Father, Son Profited on Deals With the Dying, SEC Says
(Corrects headline of story originally published Sept. 20, 2013. Correction ran Jan. 20, 2015.)
The U.S. Securities and Exchange Commission sued a South Carolina man and his son over claims they ran a fraudulent investment program to illegally profit from the deaths of terminally ill people.
Benjamin S. Staples and his son Benjamin O. Staples made at least $6.5 million from 2008 to 2012 by offering to pay funeral expenses for dying individuals who agreed to open joint brokerage accounts and then relinquish ownership rights to the brokers, the SEC said in a lawsuit filed today in federal court in Columbia, South Carolina.
Once they had control of the accounts, the Stapleses bought discounted corporate bonds with a “survivor’s option” that allowed them to collect the full principal amount when the joint owner died, the SEC said. Their illicit profit was the difference between the discounted price of the bonds they purchased and the full principal amount they obtained when redeeming the bonds early, the agency said.

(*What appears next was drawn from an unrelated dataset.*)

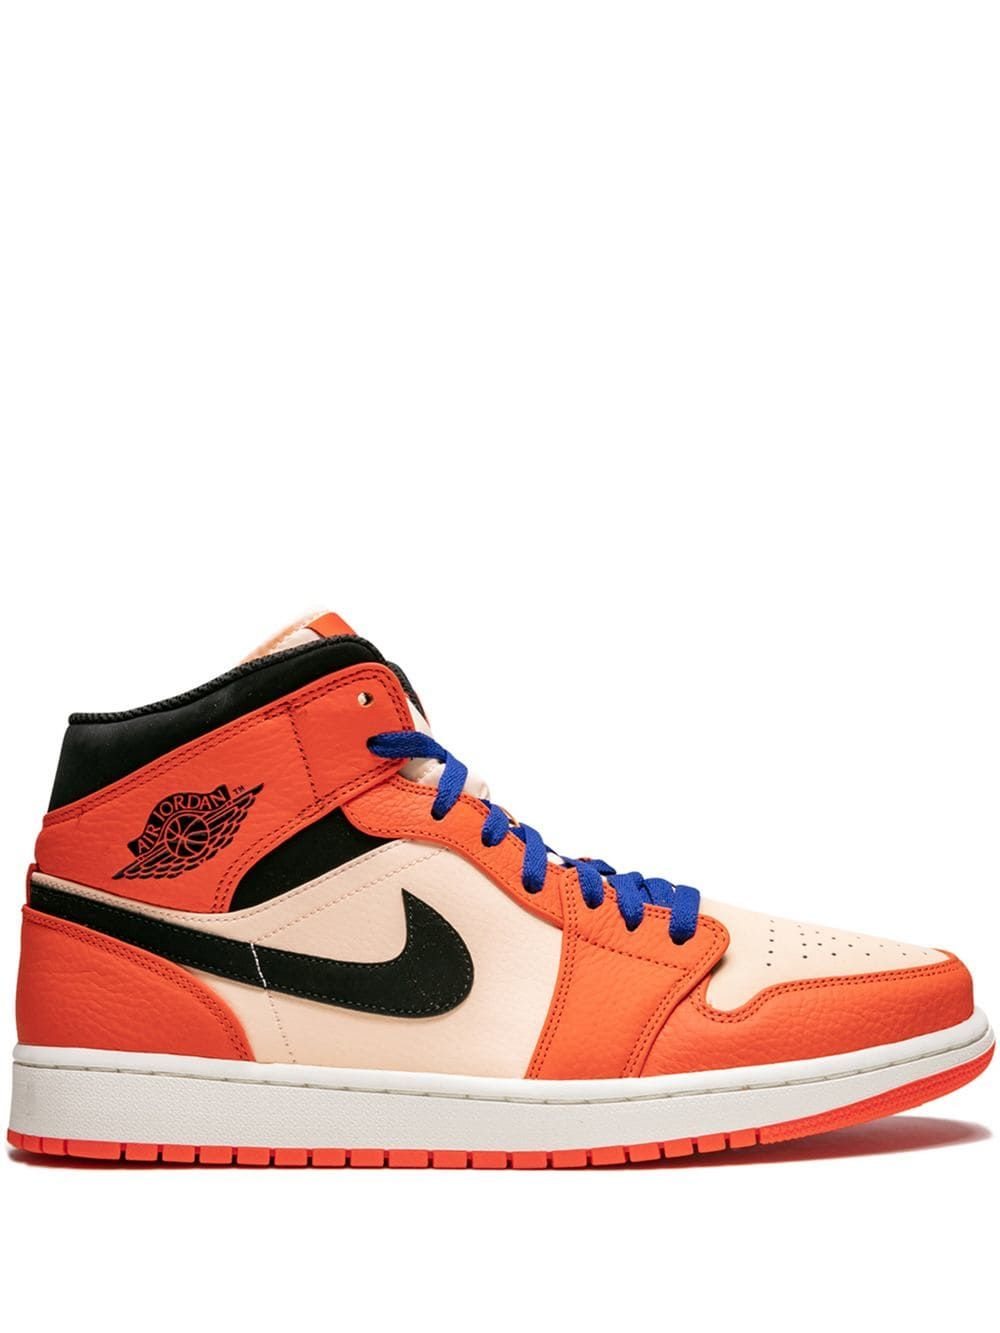 05a0d31568d7b5 JORDAN JORDAN AIR JORDAN 1 MID SE SNEAKERS - ORANGE.  jordan  shoes ...

“The Stapleses exploited the tragic circumstances surrounding a terminally ill diagnosis and turned the misfortune of others into a profit-making enterprise for themselves,” Kenneth Israel, director of the SEC’s regional office in Salt Lake City, Utah, said in a statement. “The Stapleses deceived brokerage firms and bond issuers by casting themselves as survivors of a joint ownership situation when the deceased had no legal ties to the bonds at all.”
The SEC is seeking disgorgement of ill-gotten gains and financial penalties.
Phone calls to attorneys for the Stapleses weren’t immediately returned.